Pandas Series: One-Dimensional Data
A Pandas Series is essentially a one-dimensional labeled array capable of holding data of any type (integer, string, float, Python objects, etc.). The labels are collectively called the index. Think of it as a highly enhanced and efficient version of a Python list or dictionary.
import pandas as pd
data = [10, 20, 30, 40, 50]
series_from_list = pd.Series(data)
print("Series from list:\n", series_from_list)
data = {'a': 100, 'b': 200, 'c': 300}
series_from_dict = pd.Series(data)
print("\nSeries from dictionary:\n", series_from_dict)

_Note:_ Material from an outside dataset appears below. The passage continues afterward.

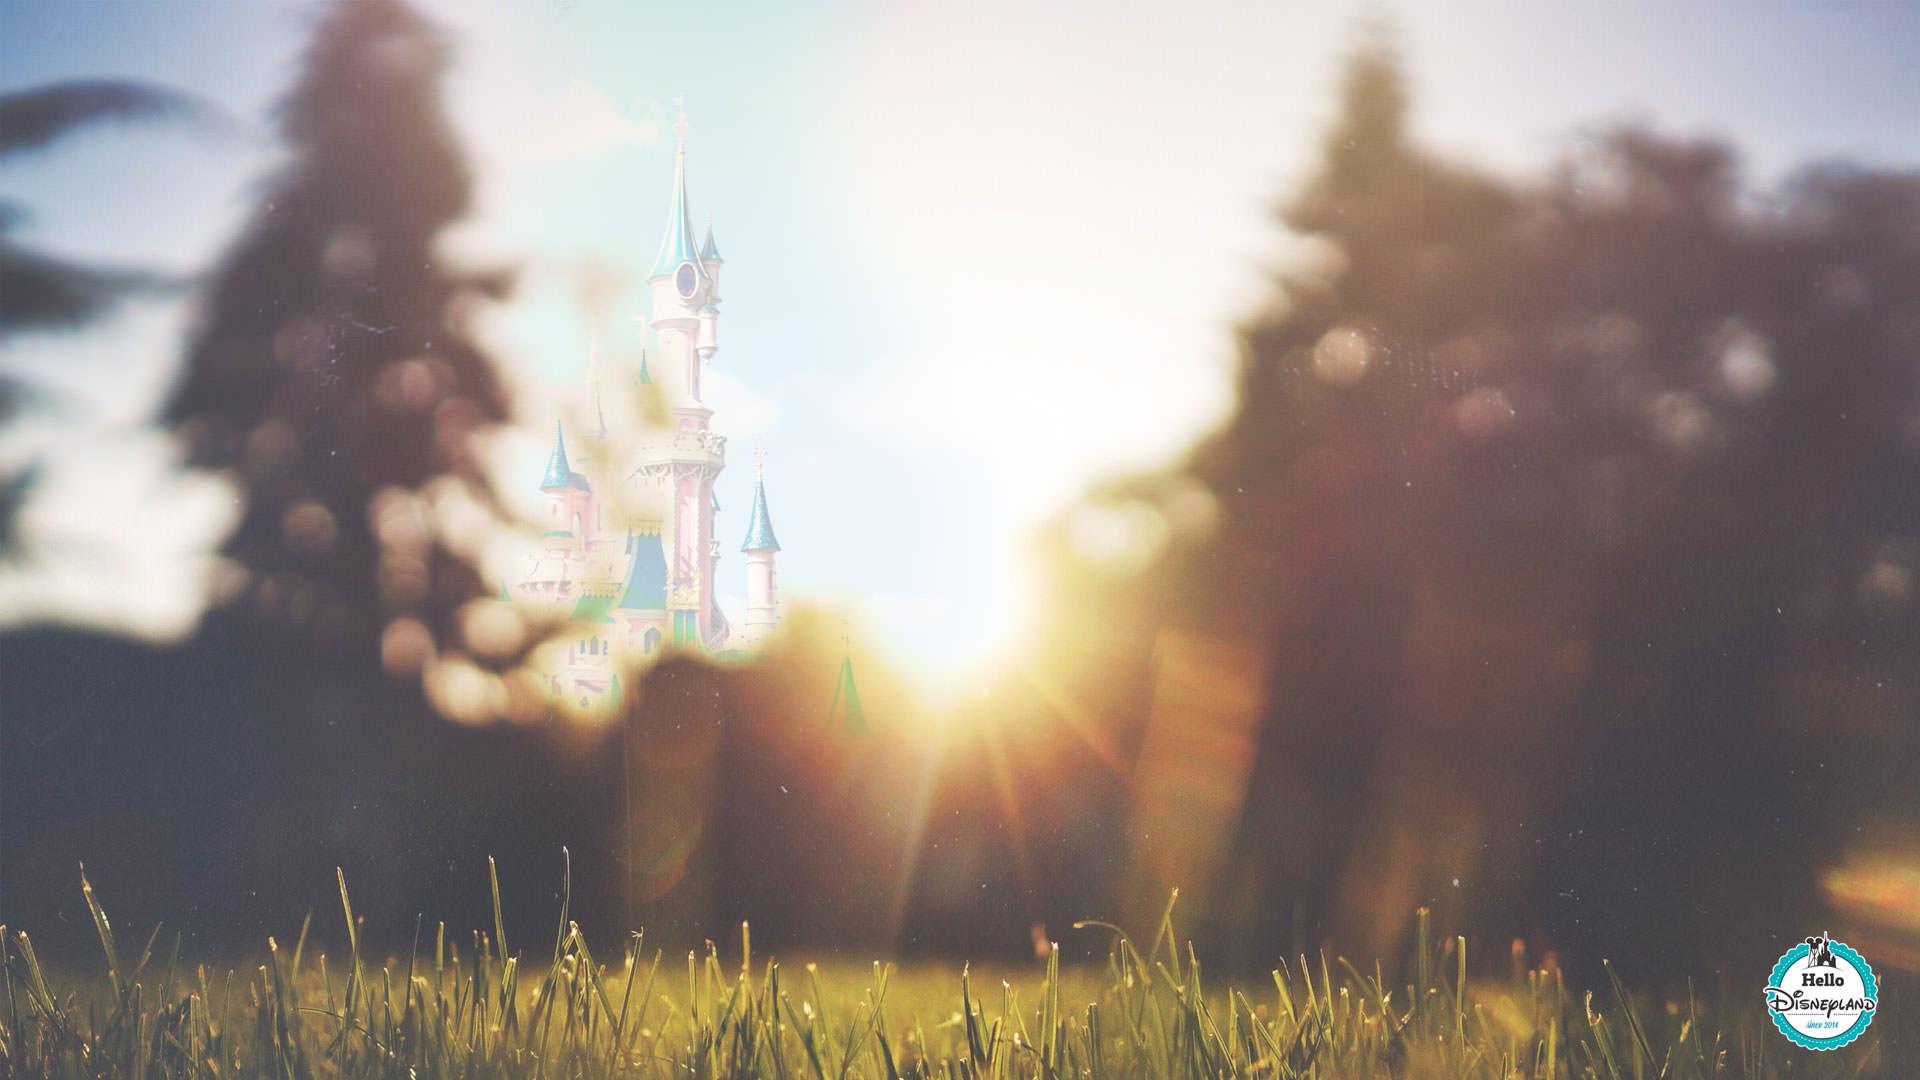 Early morning Disneyland paris

print("\nAccessing element with label 'b':", series_from_dict['b'])
print("\nAccessing element at index 1 (list based):", series_from_list[1])Pandas DataFrame: Two-Dimensional Data
The DataFrame is the workhorse of Pandas. It’s a two-dimensional labeled data structure with columns of potentially different types. You can think of it as a table, similar to a spreadsheet or SQL table. Each column is essentially a Series.
import pandas as pd
data = {'Name': ['Alice', 'Bob', 'Charlie'],
'Age': [25, 30, 28],
'City': ['New York', 'London', 'Paris']}
df = pd.DataFrame(data)
print("DataFrame:\n", df)
print("\nAge column:\n", df['Age'])
print("\nRow for Alice:\n", df.loc[df['Name'] == 'Alice'])
print("\nFirst row:\n", df.iloc[0])
#Adding a new column
df['Country'] = ['USA', 'UK', 'France']
print("\nDataFrame with added column:\n", df)Working with DataFrame Indexes
Pandas allows for flexible index manipulation. You can set a specific column as the index, reset the index, or even create a multi-index for more complex data structures.
#Setting index
df = df.set_index('Name')
print("\nDataFrame with Name as index:\n", df)
#Resetting index
df = df.reset_index()
print("\nDataFrame with default numerical index:\n",df)This provides a foundation for working with Pandas. Further exploration involves data cleaning, manipulation, analysis, and visualization – all built upon these core data structures.